_Supplied data_
======
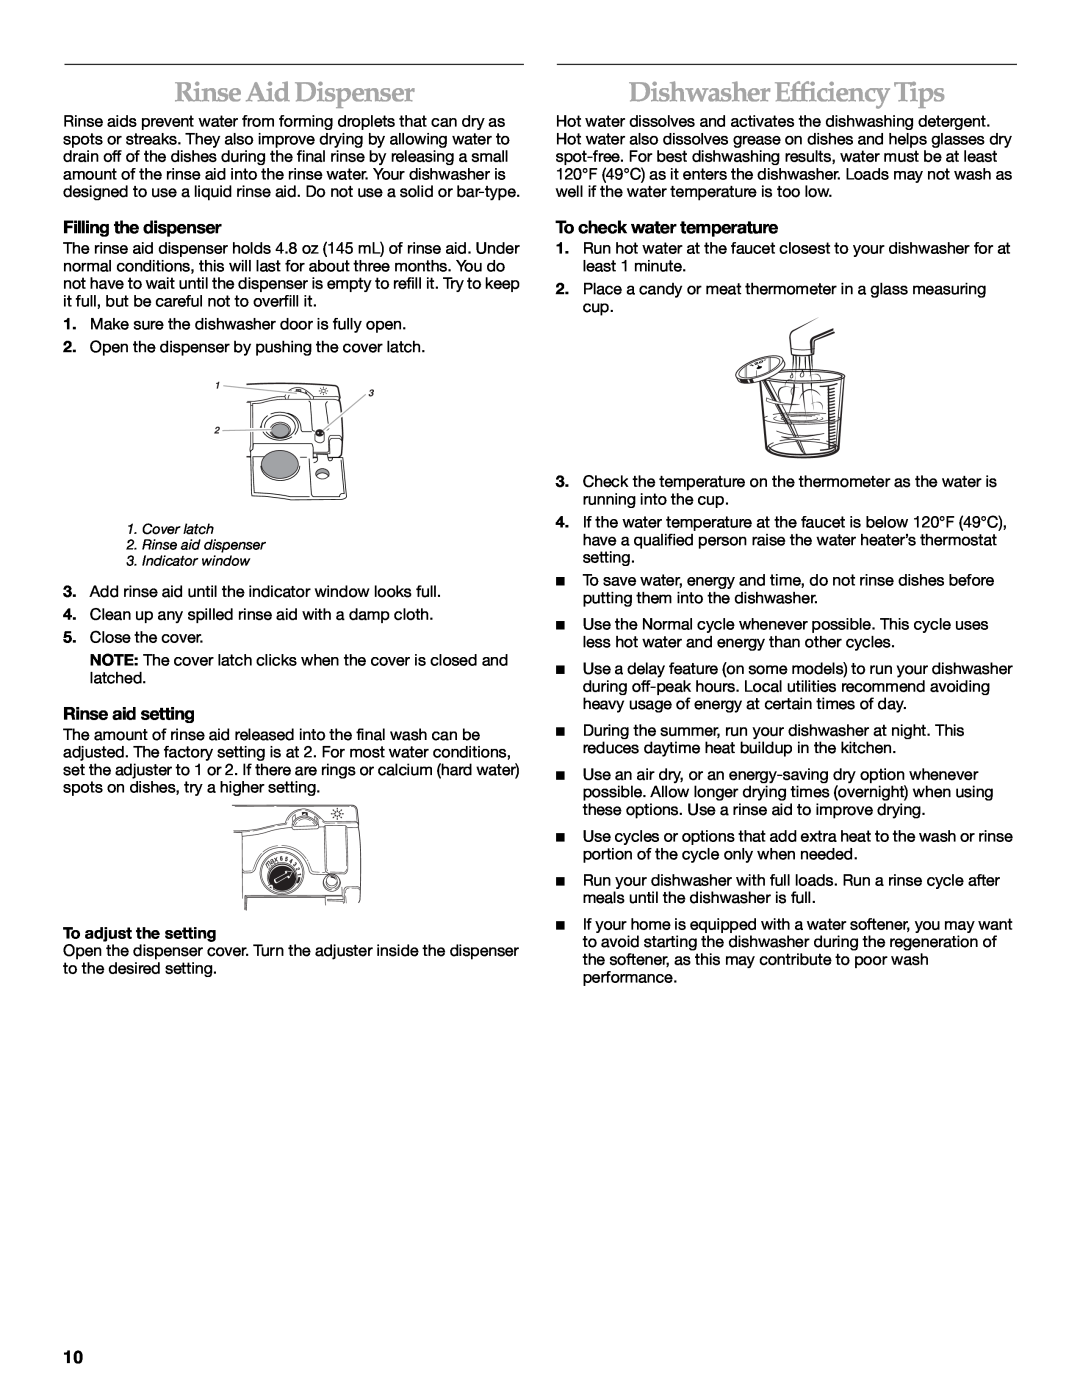 KitchenAid KUDM01TJ manual Rinse Aid Dispenser, Dishwasher Efficiency Tips, Rinse aid setting, To check water temperature 
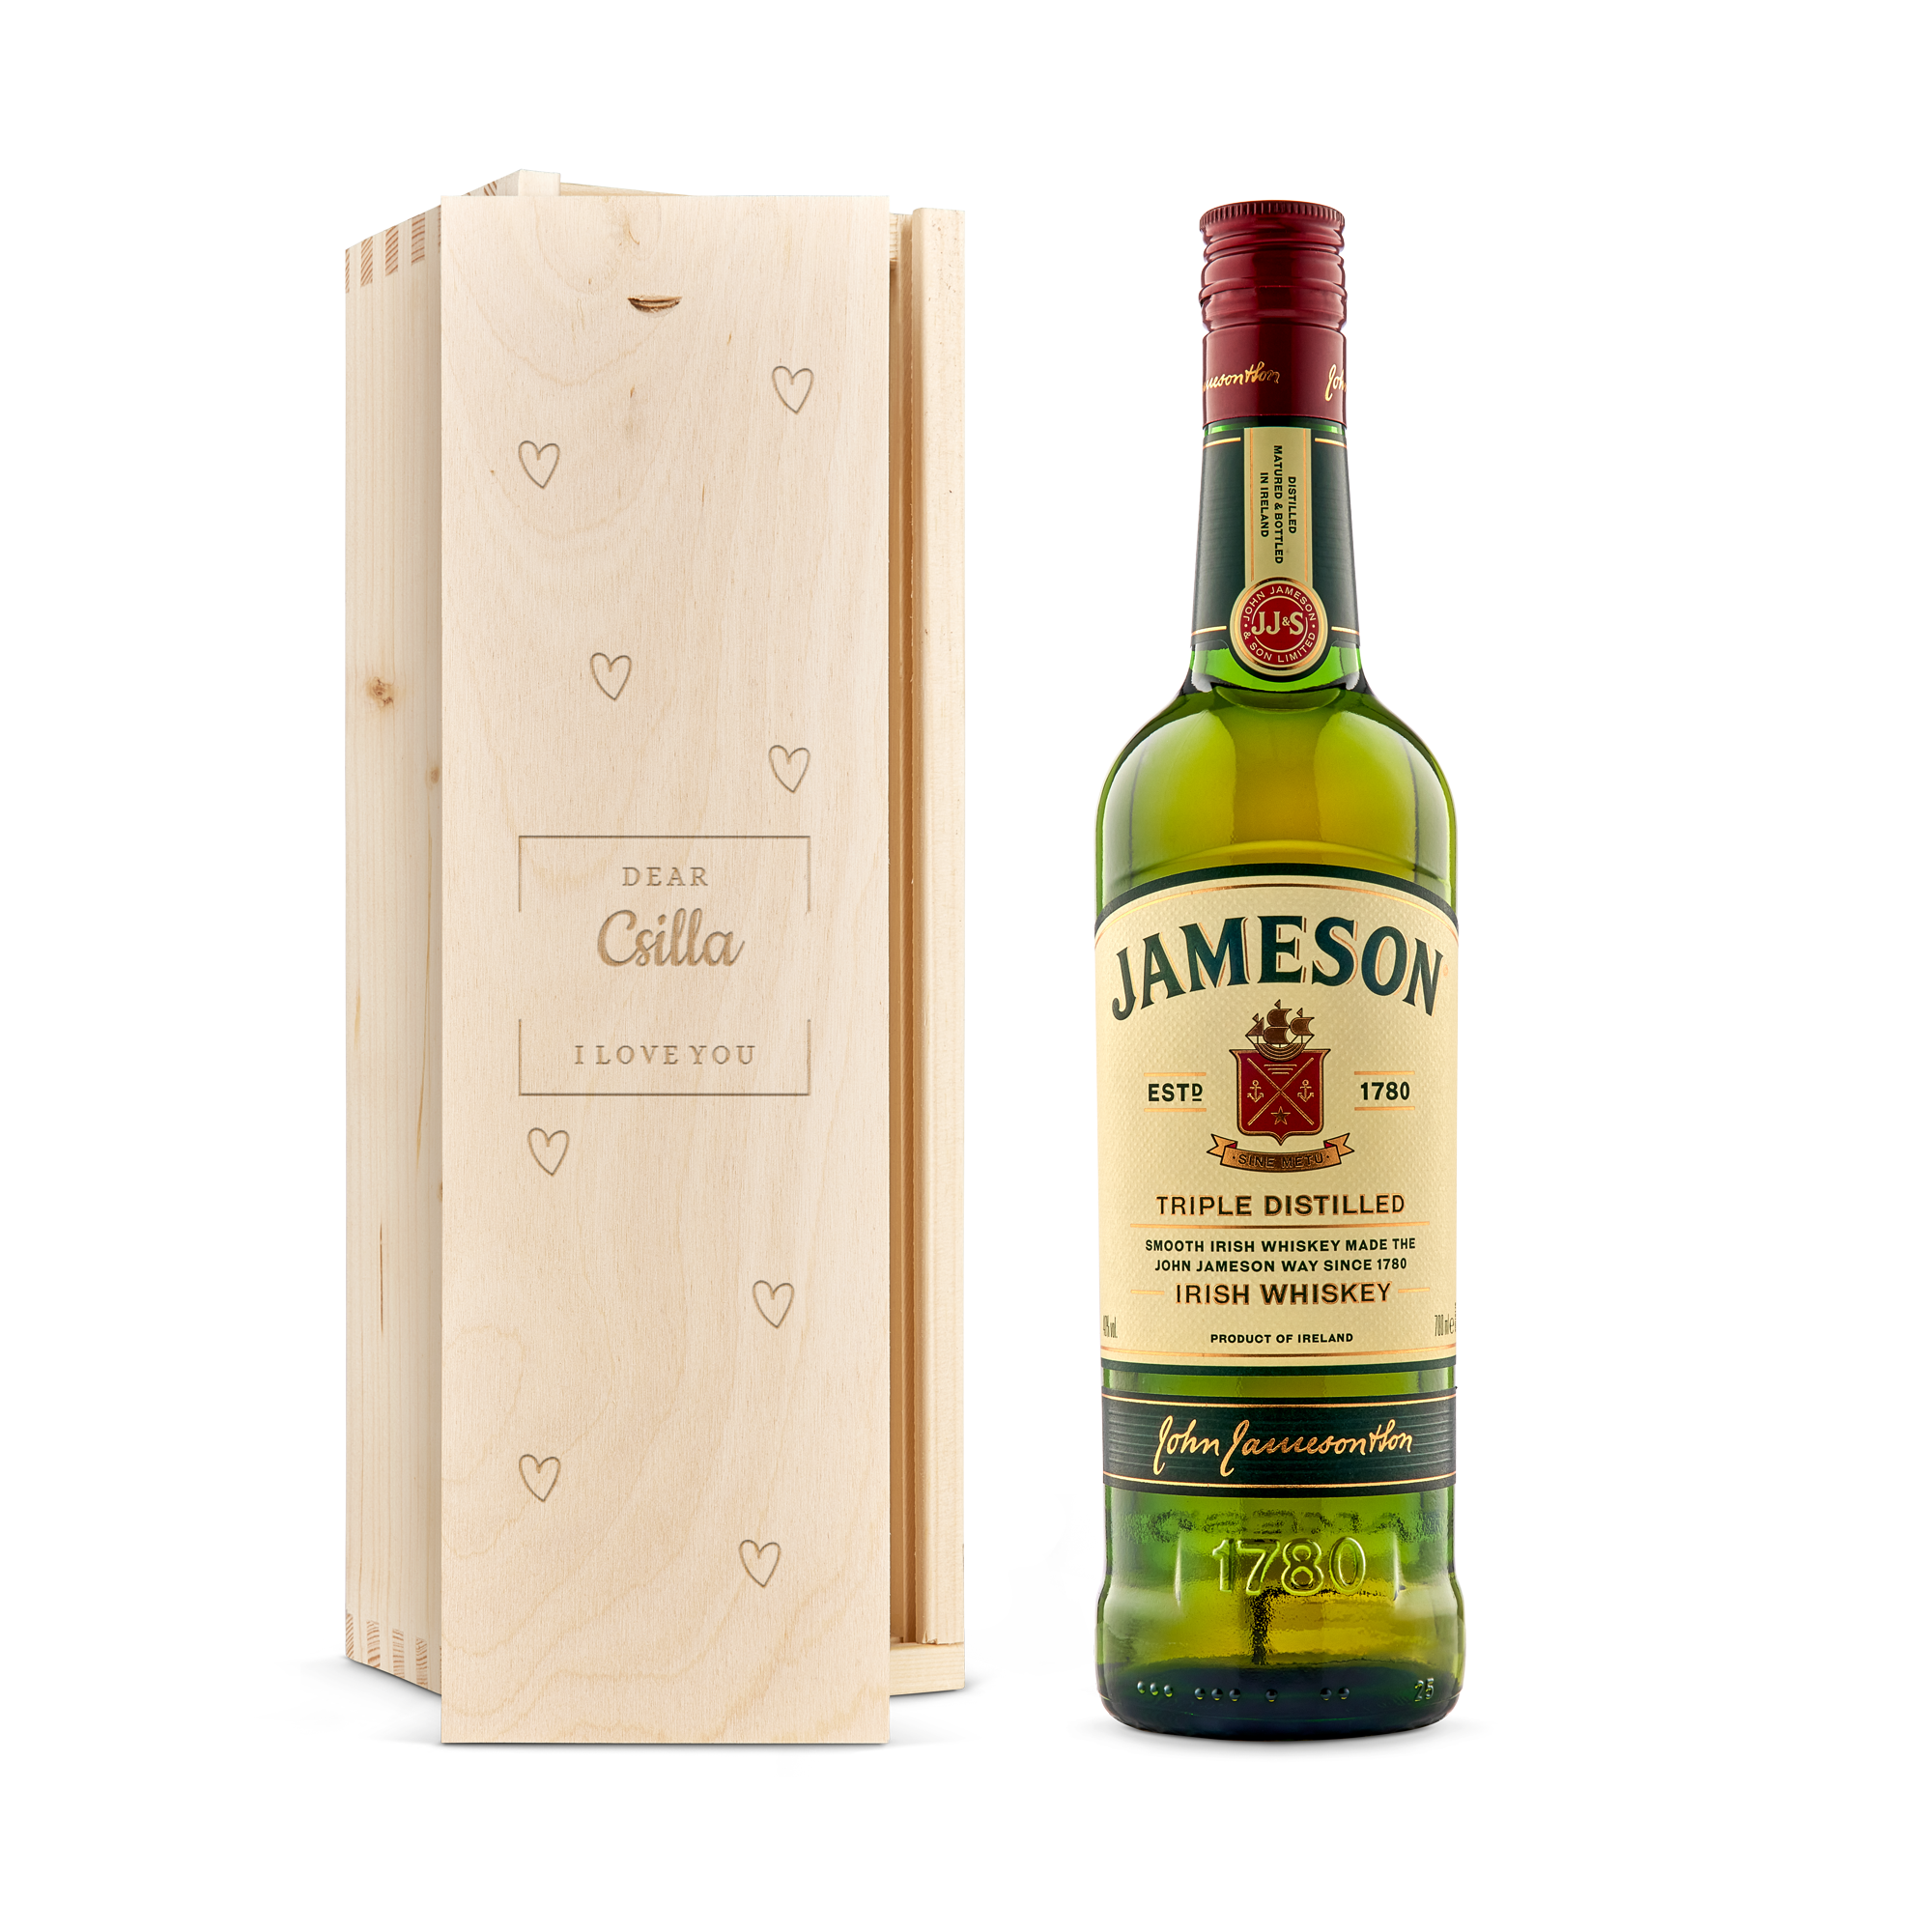 Jameson whisky
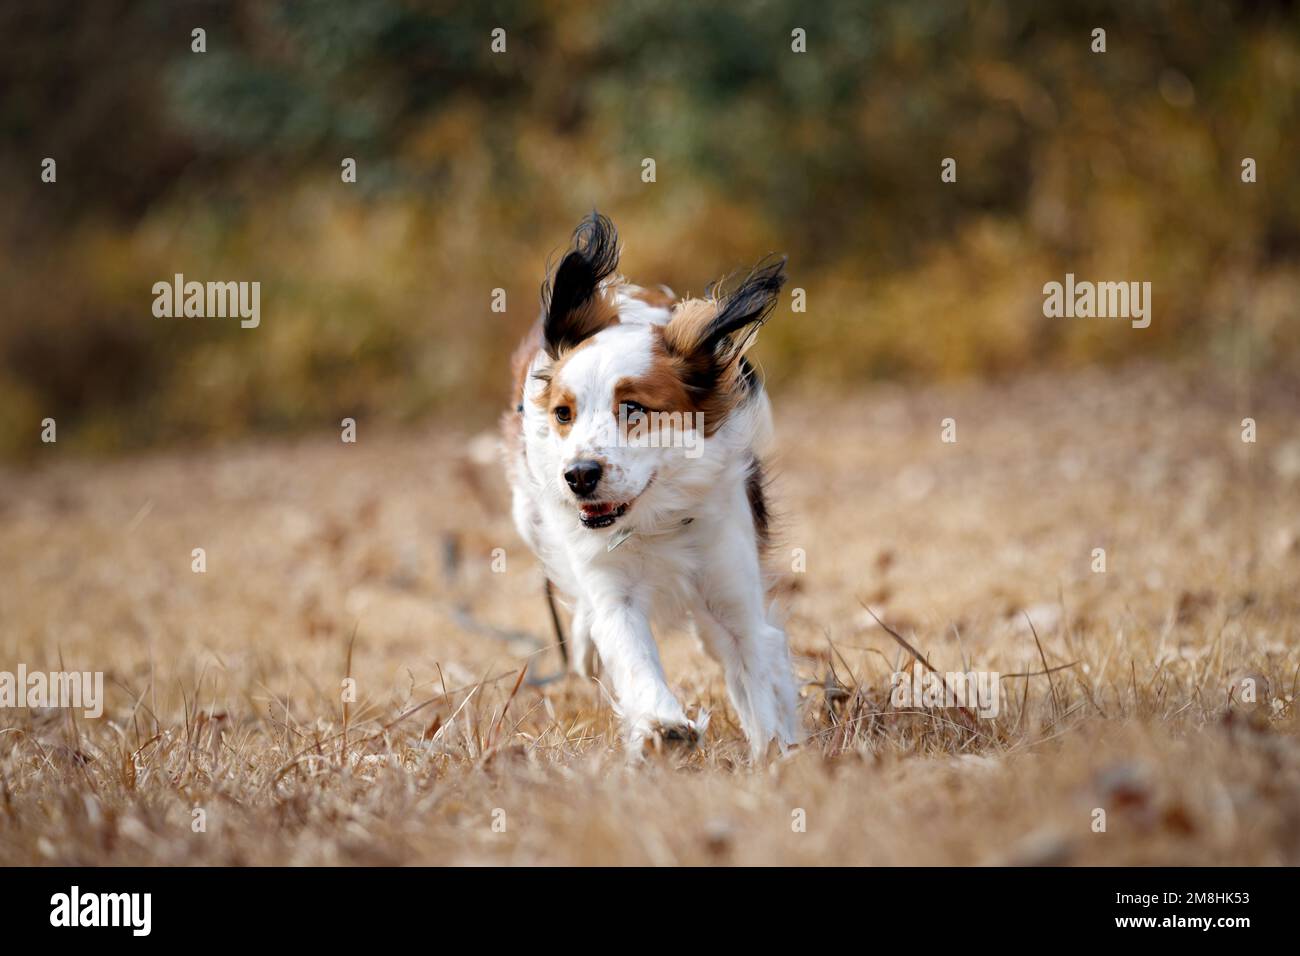 Happy purebred dog kooiker running towards the camera. Stock Photo
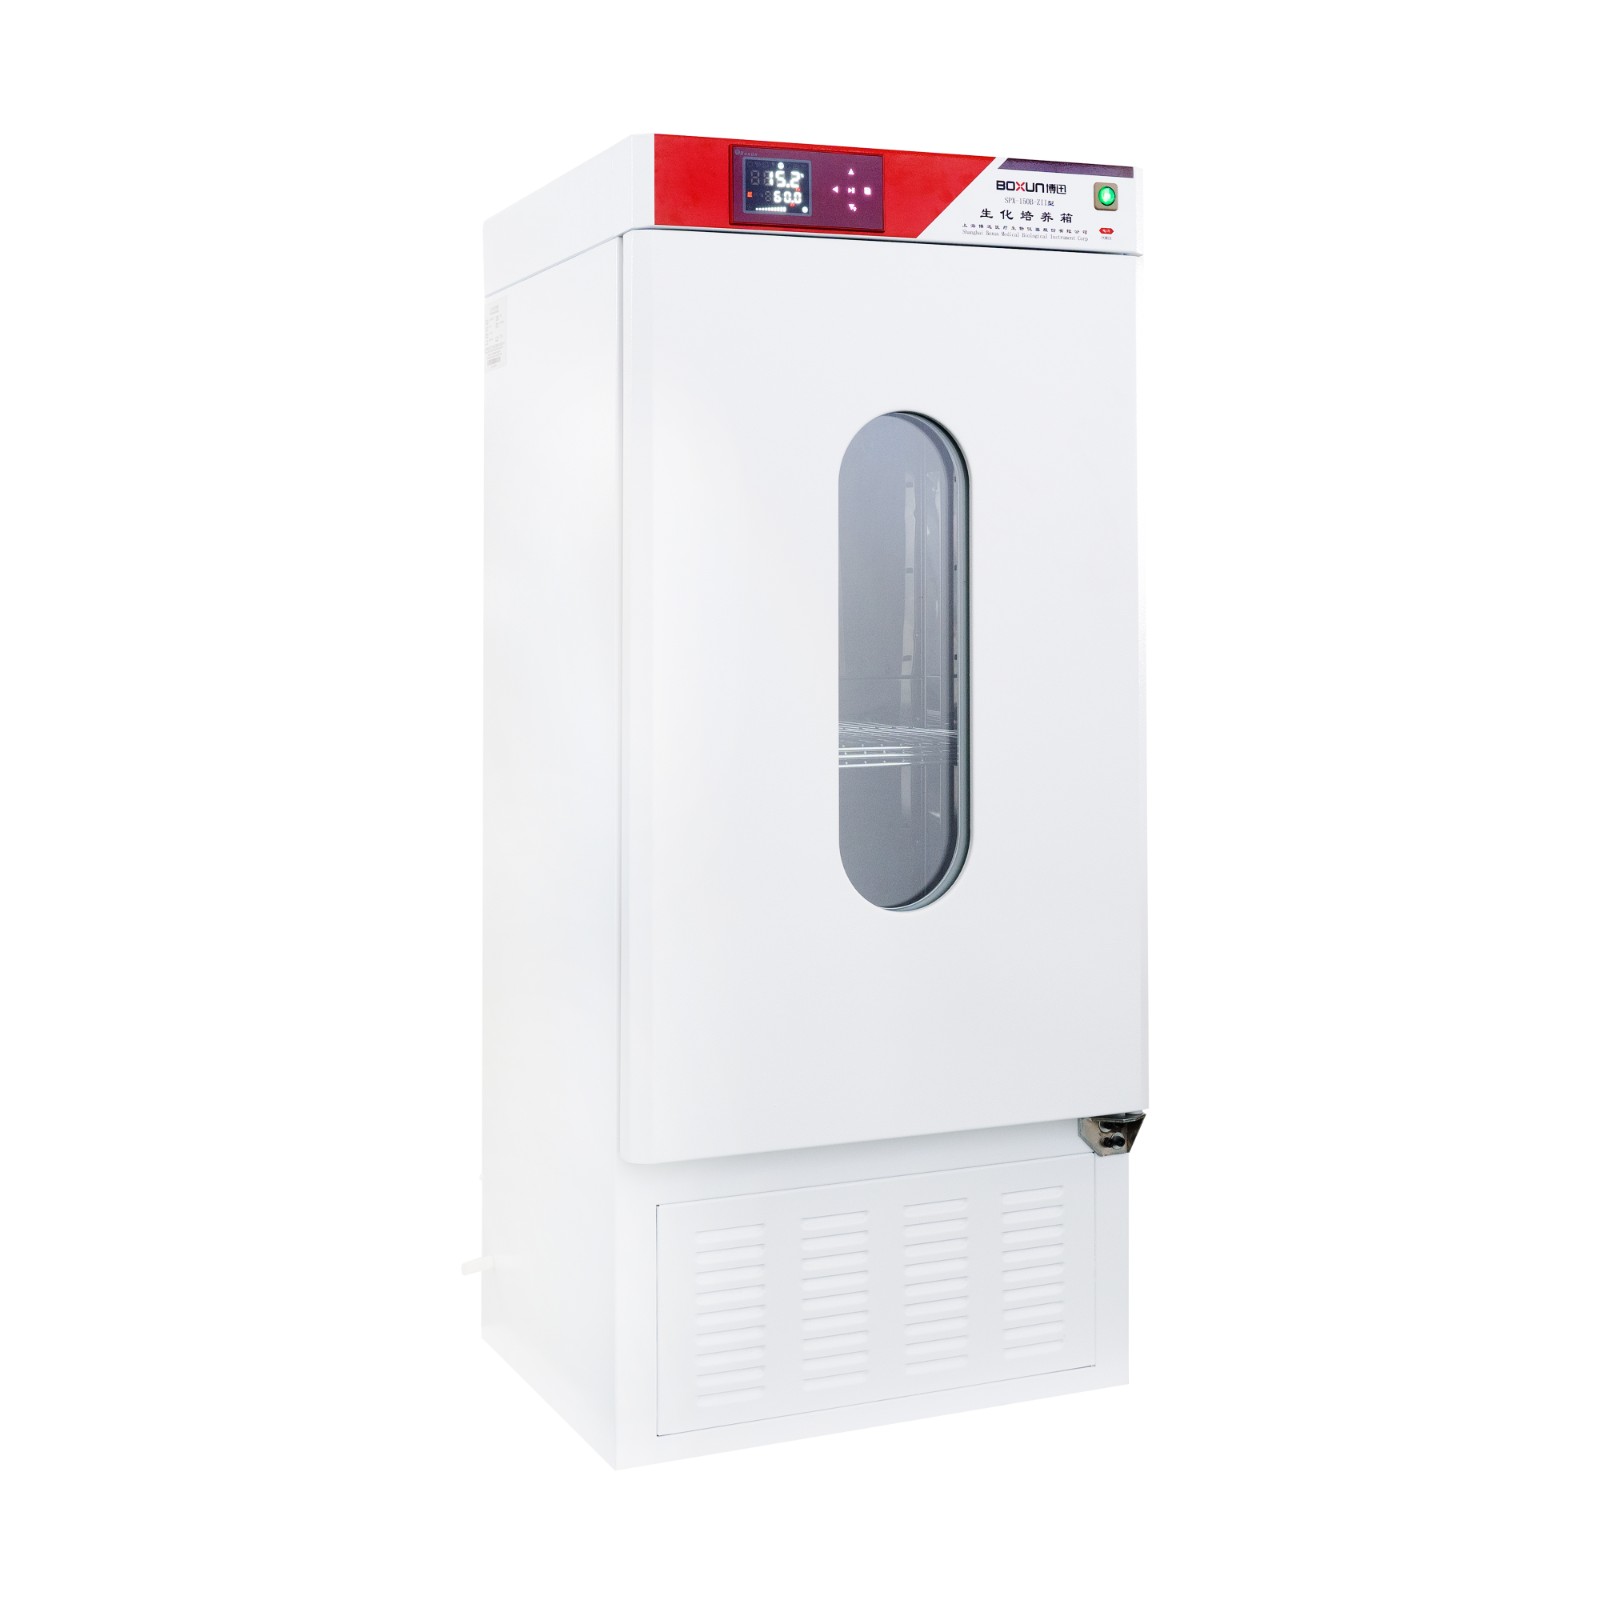 Produktfoto: Kühlinkubator 250 l Volumen mit Umluftkühlung
======
_Task_
From the line containing "Happy purebred dog" down to the final line of the material, restate every line word for word, and only those; drop the pictures.

_Reply_
 Happy purebred dog kooiker running towards the camera. Stock Photo
 Produktfoto: Kühlinkubator 250 l Volumen mit Umluftkühlung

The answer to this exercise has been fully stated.